> [TO DO]:
Please transcribe only the lines from the one holding "Utica College Pioneers Property T-Shirt Tee" through the final line of the data, both included, with no pictures.

....................

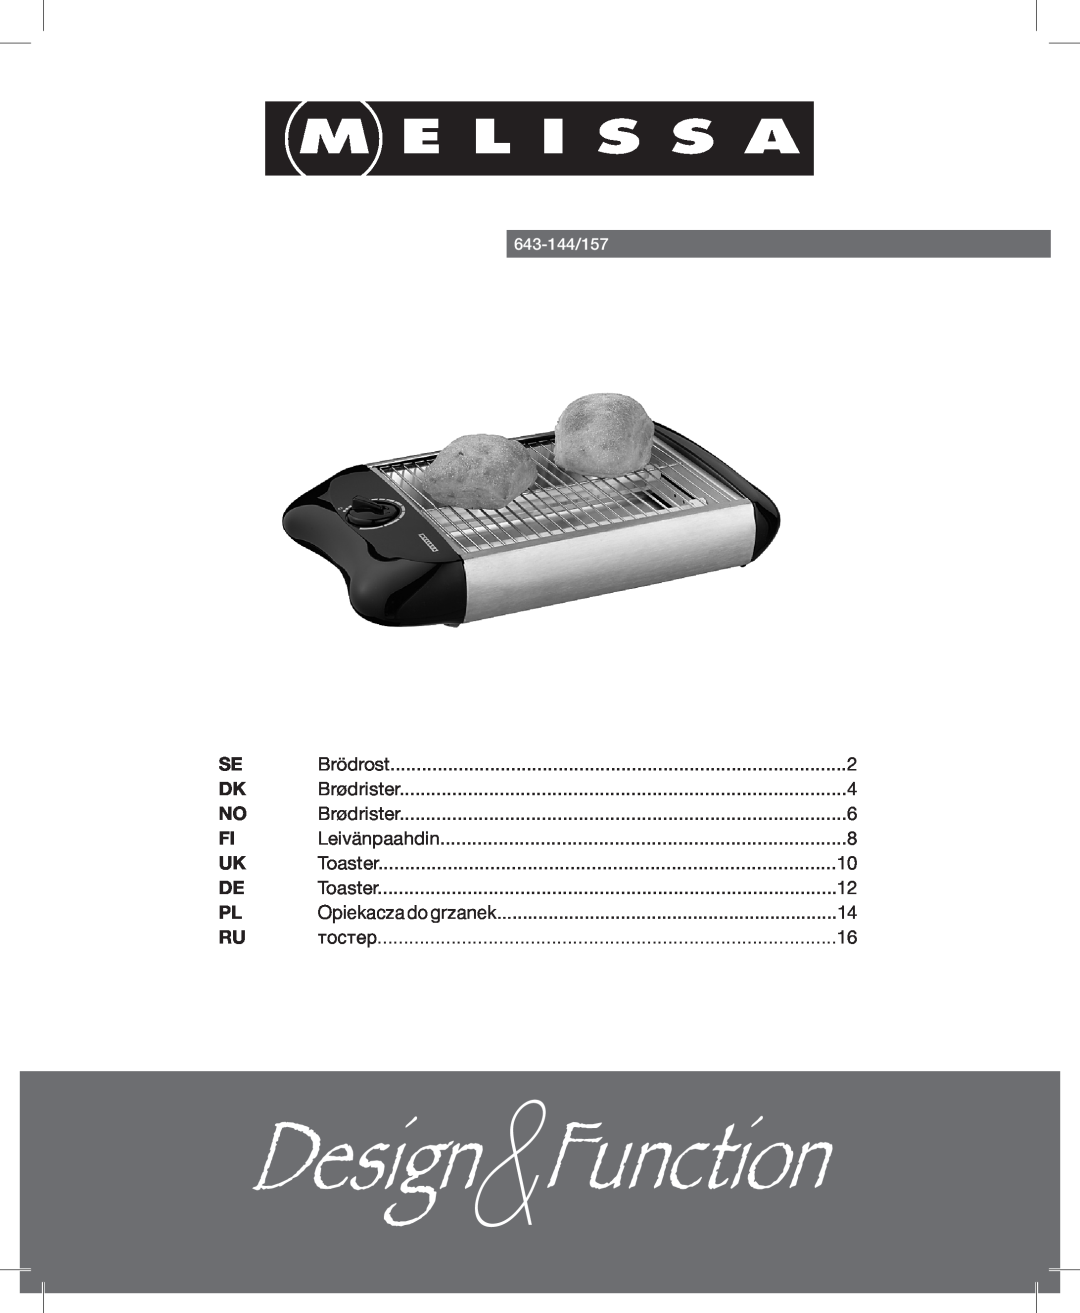 Melissa 643-144/157 manual DesignFunction 
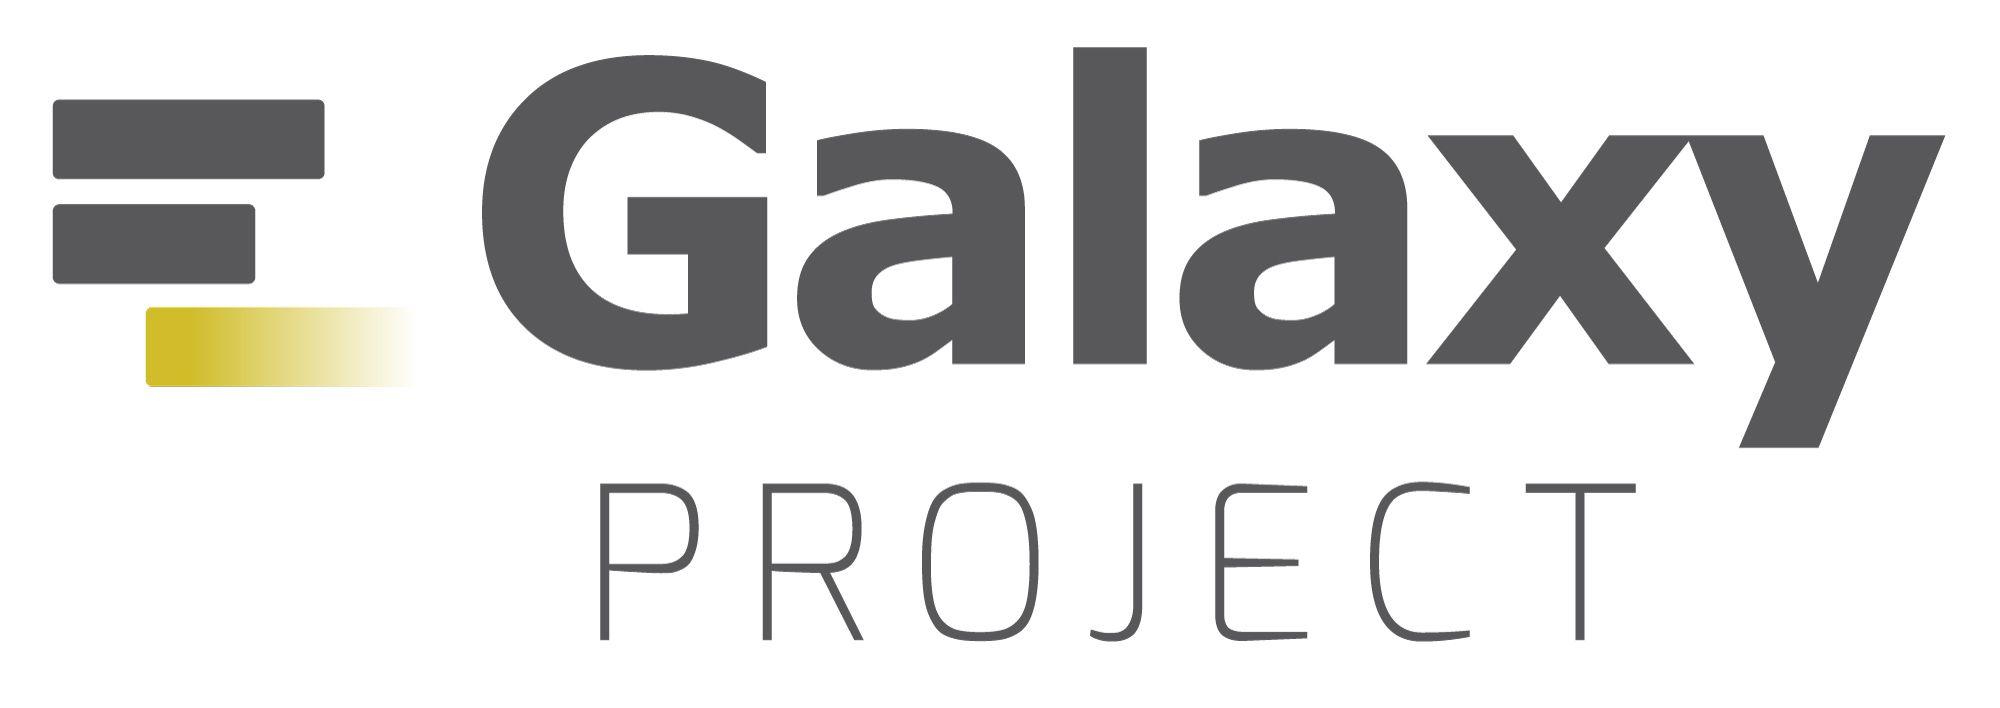 Galaxy Logo - Galaxy Project Logos
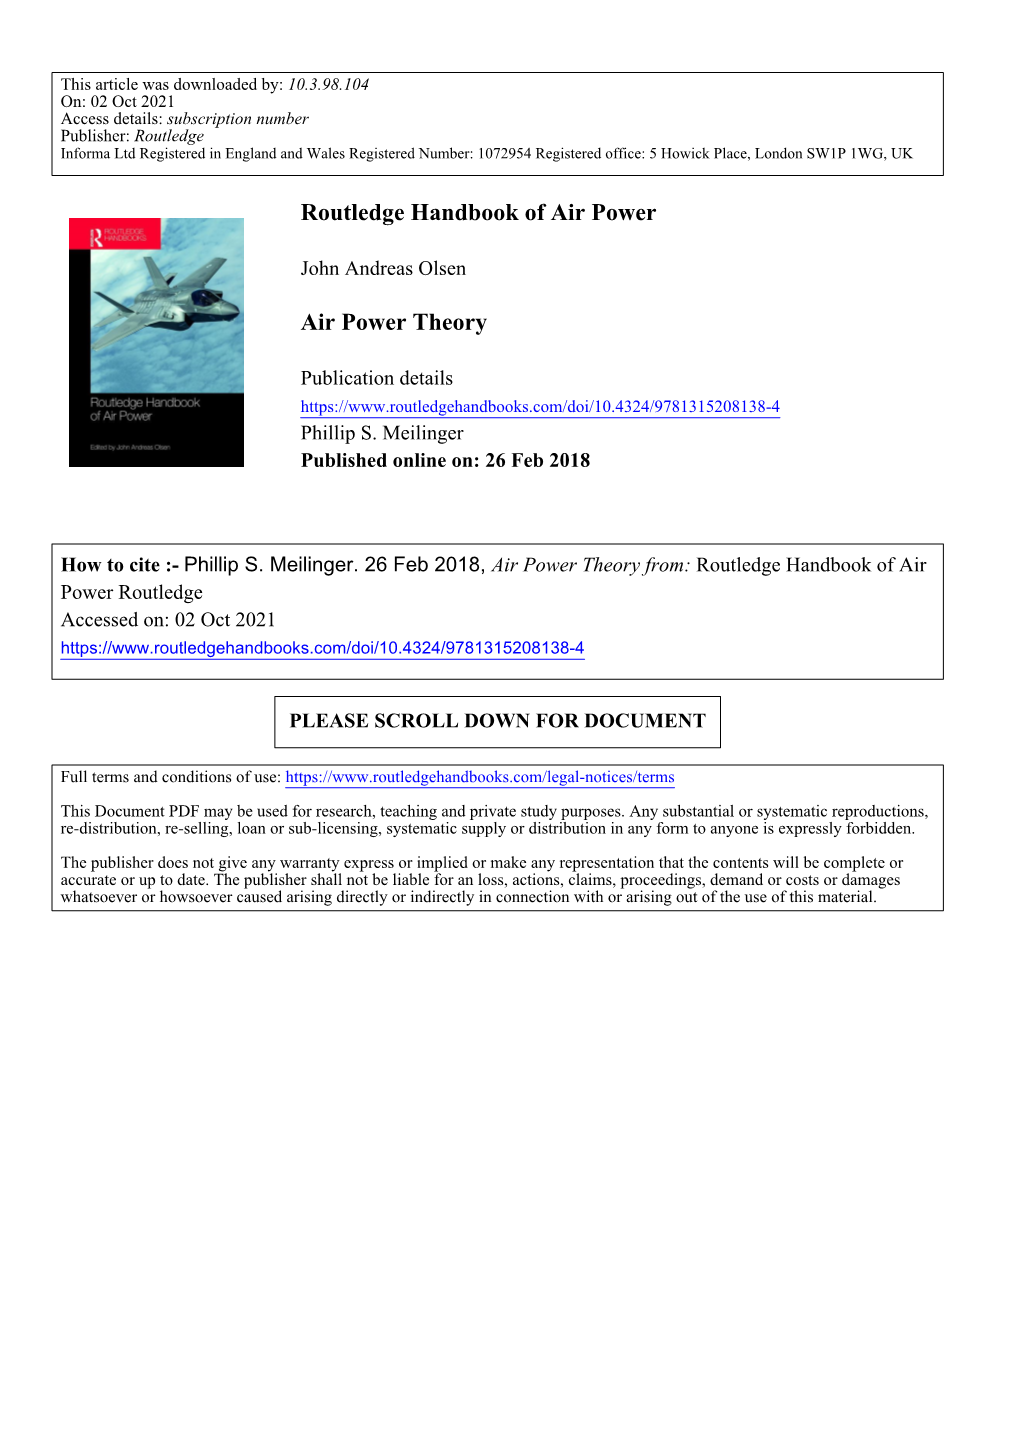 Routledge Handbook of Air Power Air Power Theory
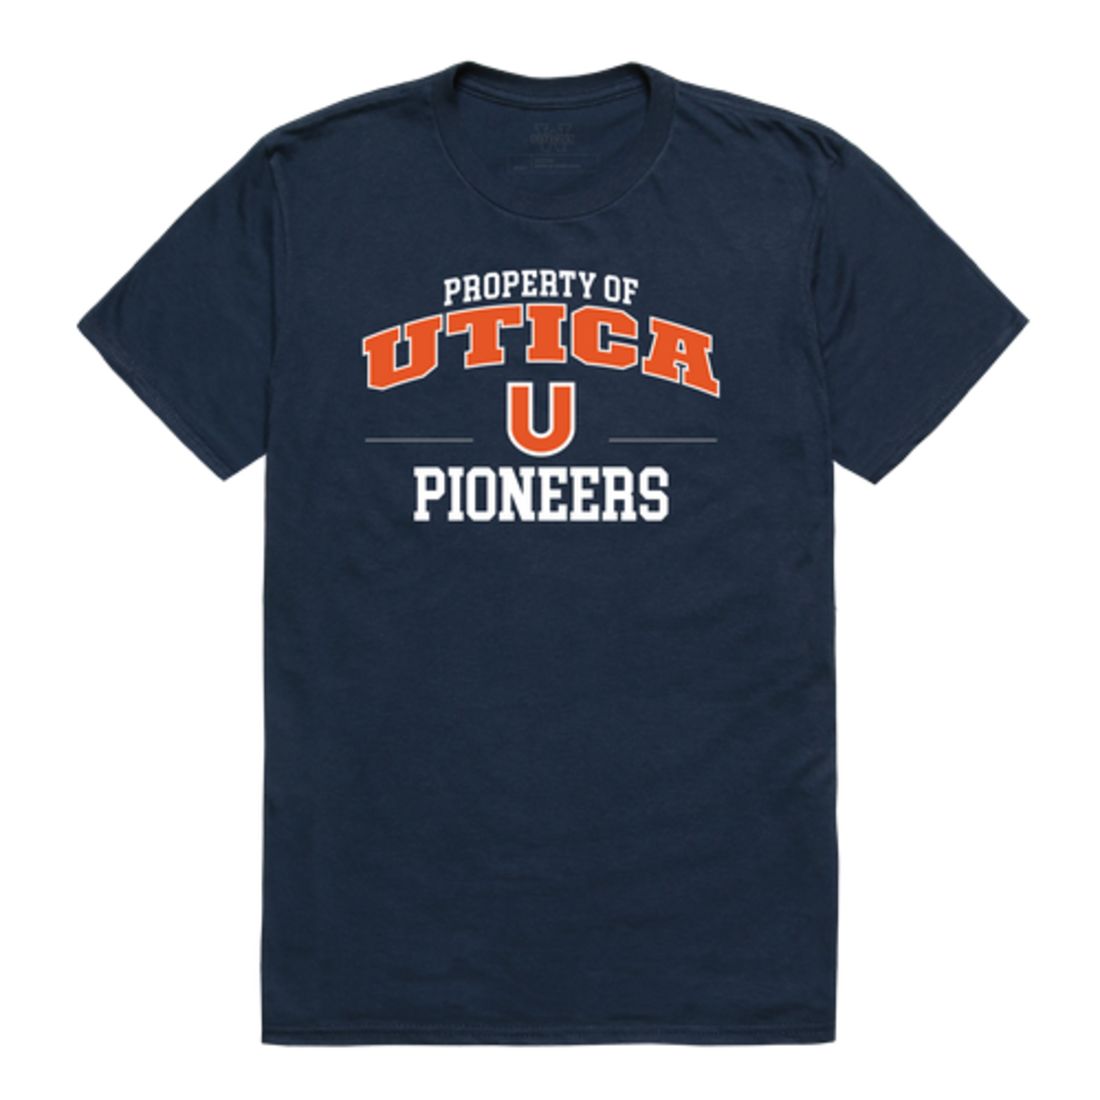 Utica College Pioneers Property T-Shirt Tee
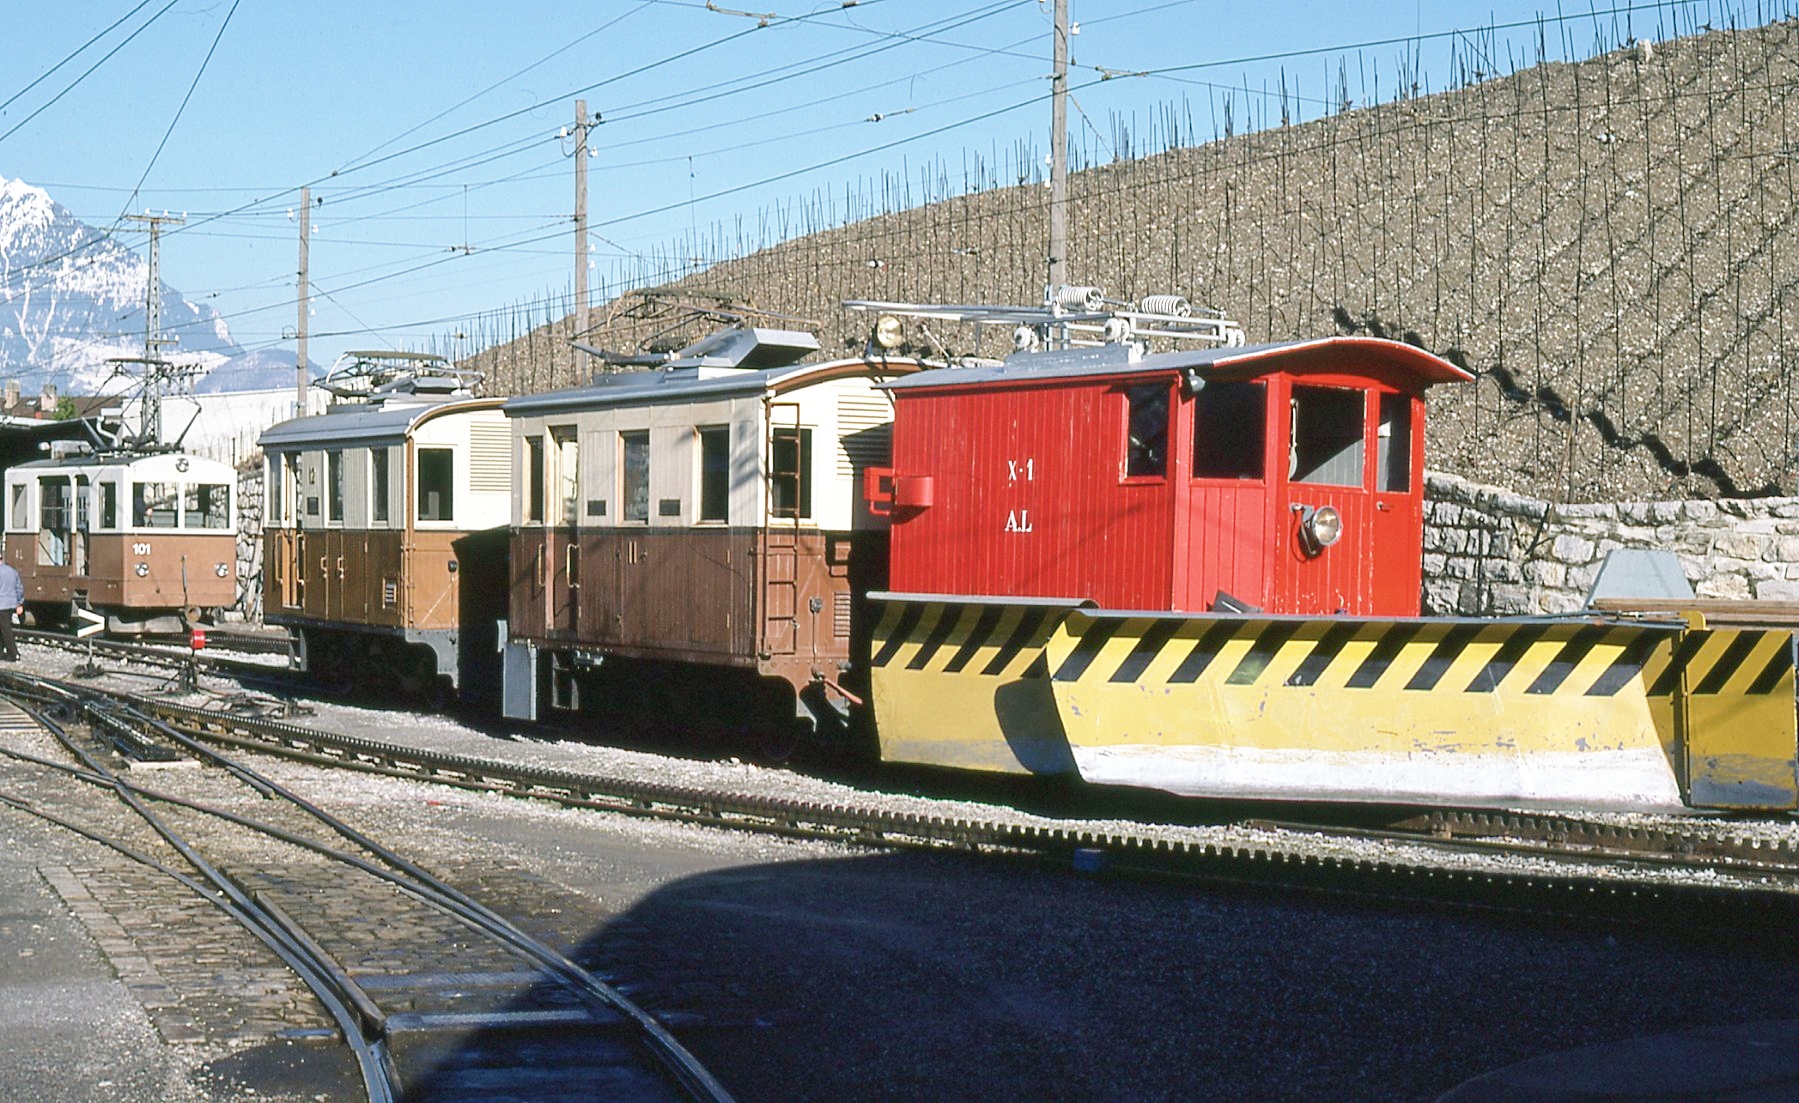 fællesskab ejer essens File:Trains de lAigle-Leysin (Suisse) (6435173389).jpg - Wikimedia Commons

....................

> [TASK ANSWER]:
 Utica College Pioneers Property T-Shirt Tee
 fællesskab ejer essens File:Trains de lAigle-Leysin (Suisse) (6435173389).jpg - Wikimedia Commons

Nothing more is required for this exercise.